Reading here at work would be a nice thing to do. Even if the book weren't very good, it would, at least, be something different (unless it's a book about work, but who are we kidding, I'd never read that book). The real trouble is finding a very good book. Like now. Because then I have to sit here and not read it, and think about not reading it. It's a fate worse than work.
Work, it's something I can handle. Many people out there, as I understand it, bear working because they believe, or recognize, that it is necessary. I don't. Well, conceptually, I guess I can understand that work is necessary, but I haven't accepted it, I haven't made it my own. I think I come to work because it's expected (this is also the reason I ranked so high in my high school class, scored so well on my SATs, got that scholarship and worked so hard to keep it). I am a slave to other people's expectations. It's true.

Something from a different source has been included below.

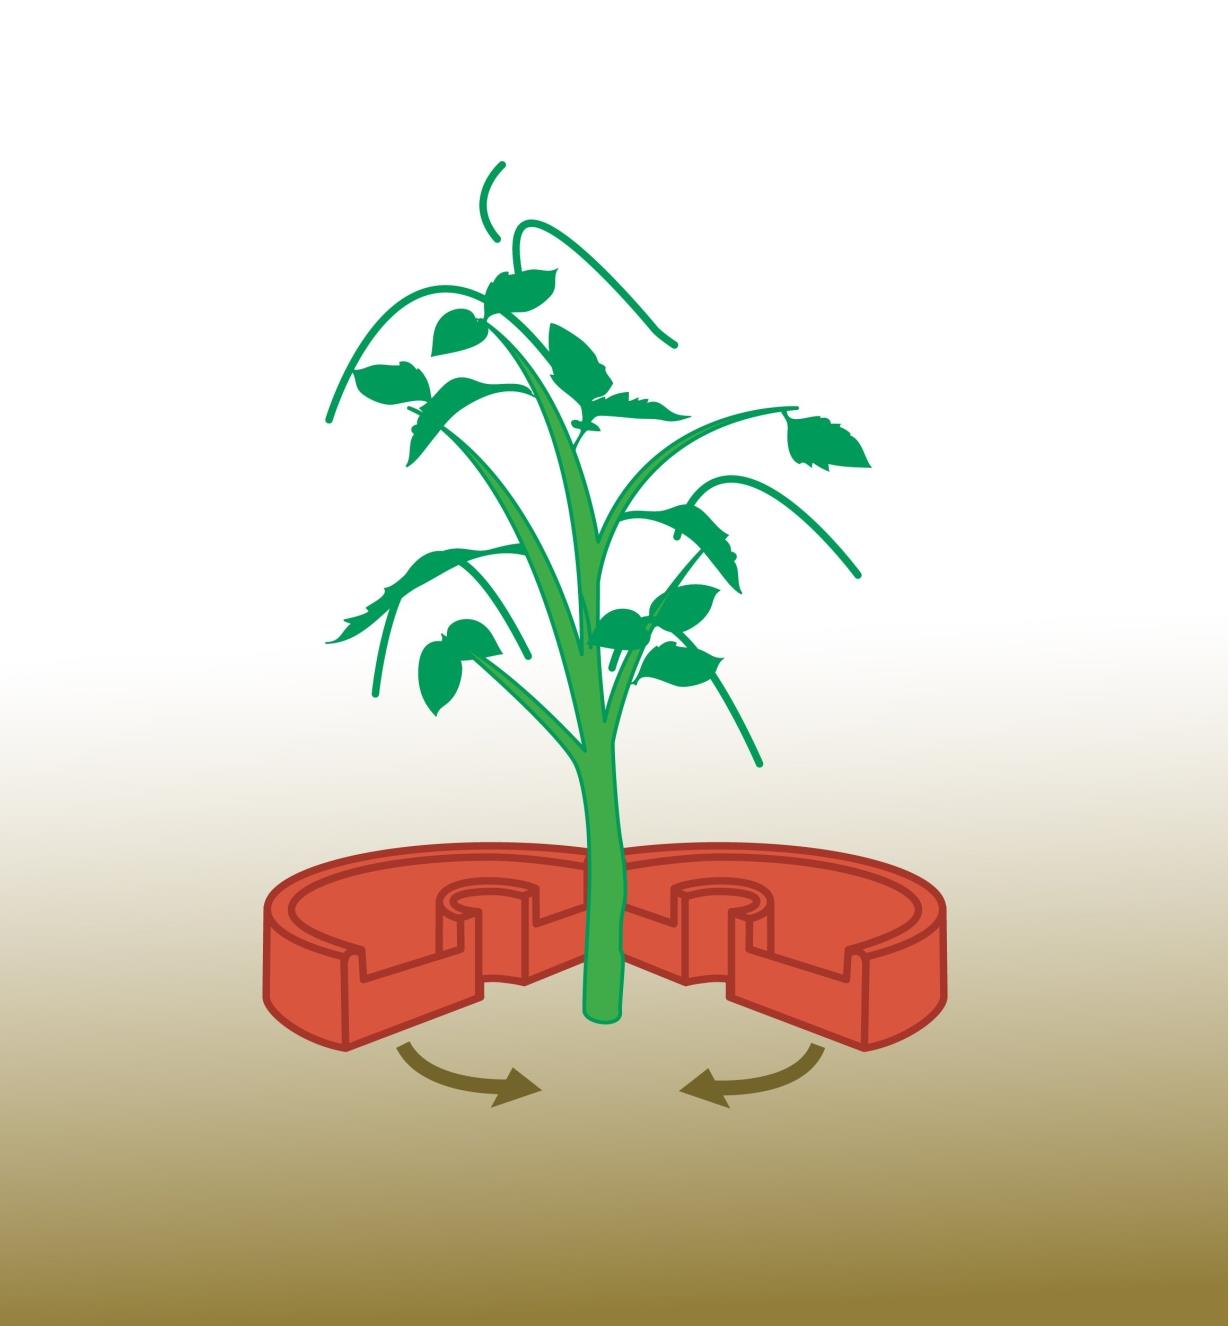 Illustration shows how to place Tomato Crater around a plant stem

My progress is driven by outside forces. For example, I think I would like to go to graduate school. But I haven't. However, were there a person in my life, a parent maybe, who has for years expected me to go on and earn a masters degree in higher education adminsitration then I have no doubt I would be well into my second year of a good program at a well-regarded school.
Or, if I were expected to be driving a certain car, this whole "car thing" would not be a big deal, it wouldn't be a deal at all. I'd've purchased a car months ago and would be making my monthly payments on time.
Expectations speak louder than words. But no one is speaking to me now.
I may have to do some thinking.
-Tom
recommended download: Rolling Stones, Satisfaction
1 comment:
Hmmm.. Now who's thinking like a grown up?
At any rate - your's are the only expectations that count.